Draghi zamyka parasol luzu ilościowego. Ryzyko dla Włoch

Mario Draghi ogłosił wczoraj w Rydze, że podczas spotkania rady dyrektorów „bazooka” wkrótce zakończy płynność, odnosząc się do procedury luzowania ilościowego. Ta wiadomość jeszcze bardziej zdenerwowała rynki, które już podkreślają niepewności dotyczące ceł. Aby zrównoważyć złe wieści, powiedział, że pozostawi stopy procentowe na niezmienionym poziomie przez kolejny rok.

Nawet numer jeden z Bundesbanku, Jens Weidmann, określił oczekiwania dotyczące eliminacji zakupów Qe do 2018 r. Jako „prawdopodobne”, dodając, że będzie to „pierwszy krok na długiej drodze do normalizacji polityki pieniężnej”. Weidamann podkreślił również: „Oczekuje się, że inflacja stopniowo powróci do zgodnych poziomów, co zapewni stopniową stabilność cen”.

W tym miejscu pojawią się nieoczekiwane refleksje również dla naszego kraju. Włochy będą musiały poradzić sobie z międzynarodowymi inwestorami, którzy spowodują, że dług publiczny naszego kraju jeszcze bardziej wpłynie na bilans aukcji, na których lokowane są obligacje rządowe. Będzie też musiał walczyć z początkiem podwyżek stóp procentowych, nawet jeśli powinny one pozostać niskie przez długi czas, ponieważ inflacja walczy o zbliżenie się, ale nadal poniżej 2%. Początek podwyżek oprocentowania kredytów hipotecznych również zostanie skorygowany, aby odzwierciedlić EURIBOR, który nie zostanie tak złagodzony, jak w ostatnich latach.

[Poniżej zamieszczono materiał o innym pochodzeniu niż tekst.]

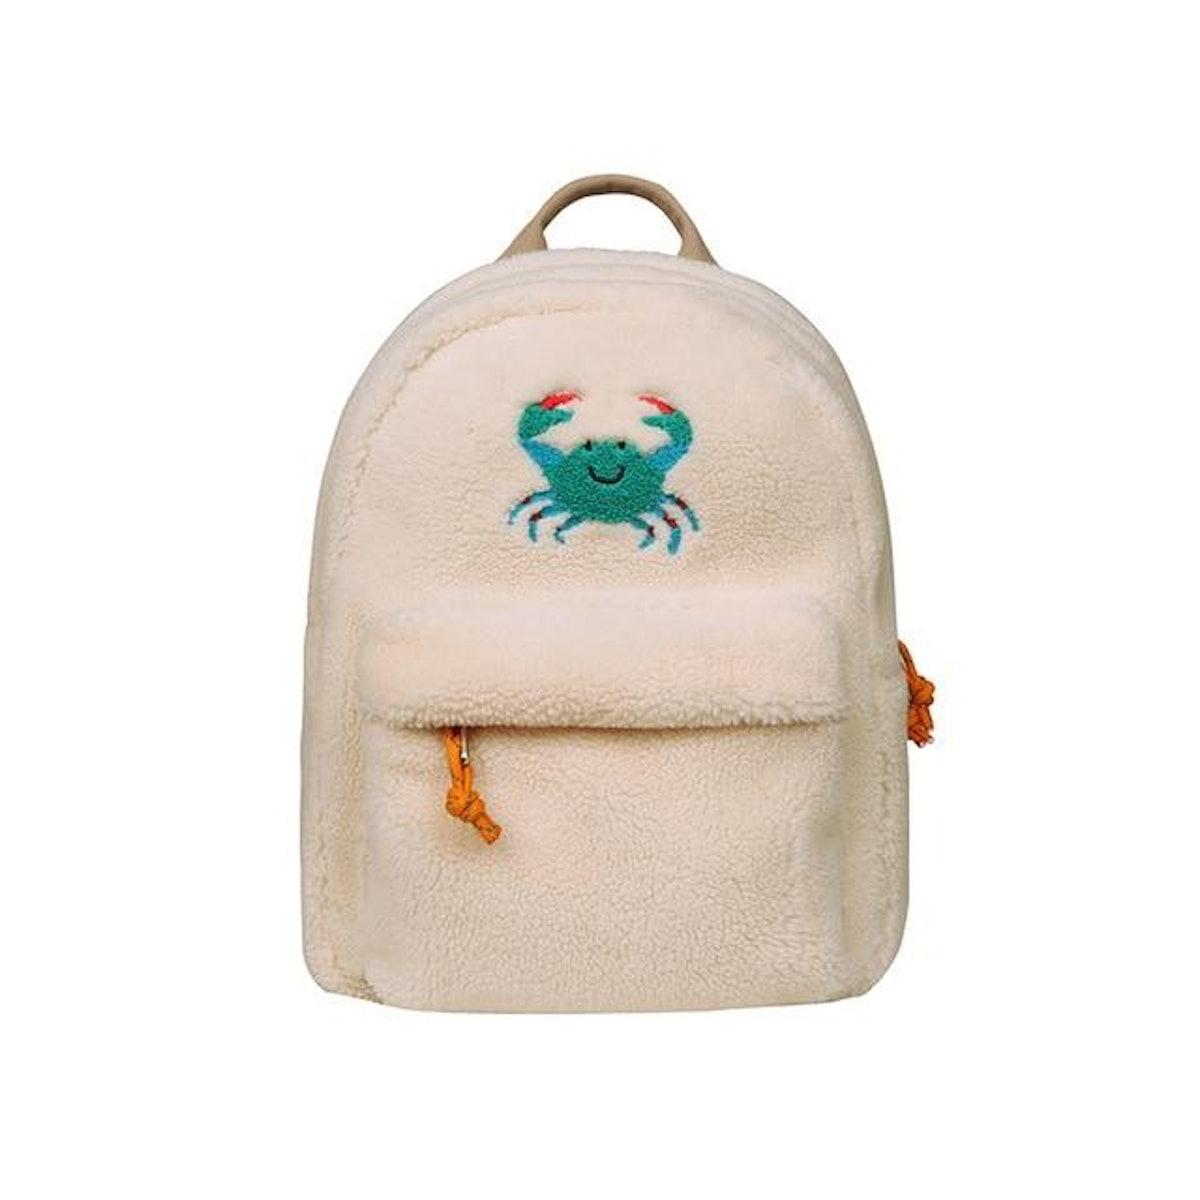 The Crabby Fleece Backpack

Wiele osób zastanawia się, do czego naprawdę służyło ilościowe złagodzenie Mario Draghiego. W rzeczywistości był to rodzaj zewnętrznego parasola, który zmniejszał różnice między stopami procentowymi między włoskimi a niemieckimi obligacjami, co powodowało wzrost inflacji, choćby nieznaczny, który w teorii rośnie. zmniejsza się skłonność do konsumpcji i ciężar długu publicznego, co częściowo oczyściło bilanse naszych lokalnych banków, które były pełne włoskich bonów skarbowych, i uniemożliwiło spekulacyjny atak na kraje w najtrudniejszej sytuacji.

Ostatecznym celem luzowania ilościowego było zapewnienie dostatecznej ilości tlenu do poważnego przeglądu włoskich wydatków publicznych i zainicjowanie działań niezbędnych do wprowadzenia znaczącego ożywienia produktywności naszych firm i wzrostu gospodarczego. Prawdziwym sprawdzianem będzie więc następna ustawa budżetowa, pierwsza z żółto-zielonego rządu. Prawo budżetowe, które bez parasola EBC będzie trudne do związania końca z końcem w świetle obietnic wyborczych.

Kraj oczekuje kontrreformy emerytur, drastycznej redukcji obciążeń podatkowych, ogólnego wsparcia dochodów, darmowych żłobków, zatrudniania w administracji publicznej, a wszystko to na deficycie. Niebezpieczeństwo polega jednak na tym, że różnica stóp procentowych między włoskimi i niemieckimi obligacjami rządowymi wzrośnie ponownie w swoim naturalnym tempie, a refinansowanie naszego zadłużenia będzie kosztować coraz więcej, zwłaszcza jeśli zostanie wykorzystane na działania, które nie stymulują wzrostu. gospodarczy. Drugim widmem jest prawdopodobne „obniżenie ratingu” agencji ratingowych, które obniżyłoby nasze obligacje rządowe do „śmieciowych”.